Class ColumnarBatchReader

java.lang.Object
org.apache.iceberg.arrow.vectorized.BaseBatchReader<org.apache.spark.sql.vectorized.ColumnarBatch>
org.apache.iceberg.spark.data.vectorized.ColumnarBatchReader
All Implemented Interfaces:
VectorizedReader<org.apache.spark.sql.vectorized.ColumnarBatch>

public class ColumnarBatchReader extends BaseBatchReader<org.apache.spark.sql.vectorized.ColumnarBatch>
VectorizedReader that returns Spark's ColumnarBatch to support Spark's vectorized read path.
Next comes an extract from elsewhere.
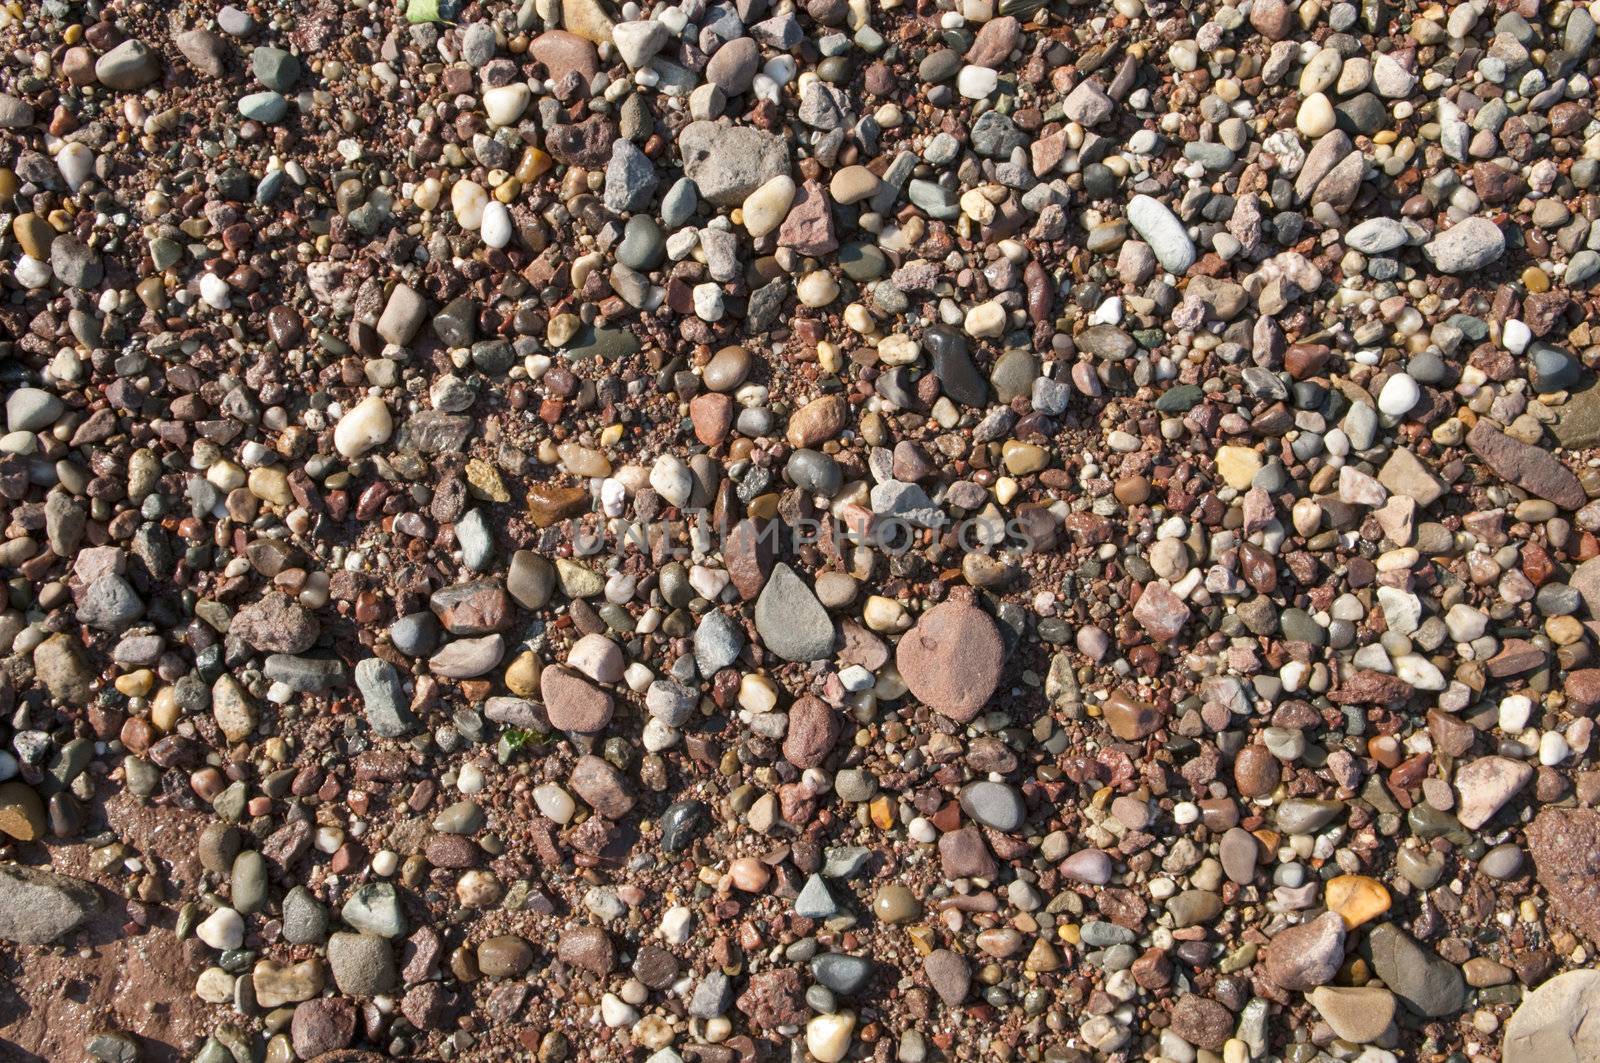 Background of small pebbles from the Bay of Fundy shoreline

The ColumnarBatch returned is created by passing in the Arrow vectors populated via delegated read calls to VectorReader(s).
  • Constructor Details

  • Method Details

    • setRowGroupInfo

      public void setRowGroupInfo(org.apache.parquet.column.page.PageReadStore pageStore, Map<org.apache.parquet.hadoop.metadata.ColumnPath,org.apache.parquet.hadoop.metadata.ColumnChunkMetaData> metaData, long rowPosition)
      Description copied from interface: VectorizedReader
      Sets the row group information to be used with this reader
      Specified by:
      setRowGroupInfo in interface VectorizedReader<org.apache.spark.sql.vectorized.ColumnarBatch>
      Overrides:
      setRowGroupInfo in class BaseBatchReader<org.apache.spark.sql.vectorized.ColumnarBatch>
      Parameters:
      pageStore - row group information for all the columns
      metaData - map of ColumnPath -> ColumnChunkMetaData for the row group
      rowPosition - the row group's row offset in the parquet file
    • setDeleteFilter

      public void setDeleteFilter(DeleteFilter<org.apache.spark.sql.catalyst.InternalRow> deleteFilter)
    • read

      public final org.apache.spark.sql.vectorized.ColumnarBatch read(org.apache.spark.sql.vectorized.ColumnarBatch reuse, int numRowsToRead)
      Description copied from interface: VectorizedReader
      Reads a batch of type @param <T> and of size numRows
      Parameters:
      reuse - container for the last batch to be reused for next batch
      numRowsToRead - number of rows to read
      Returns:
      batch of records of type @param <T>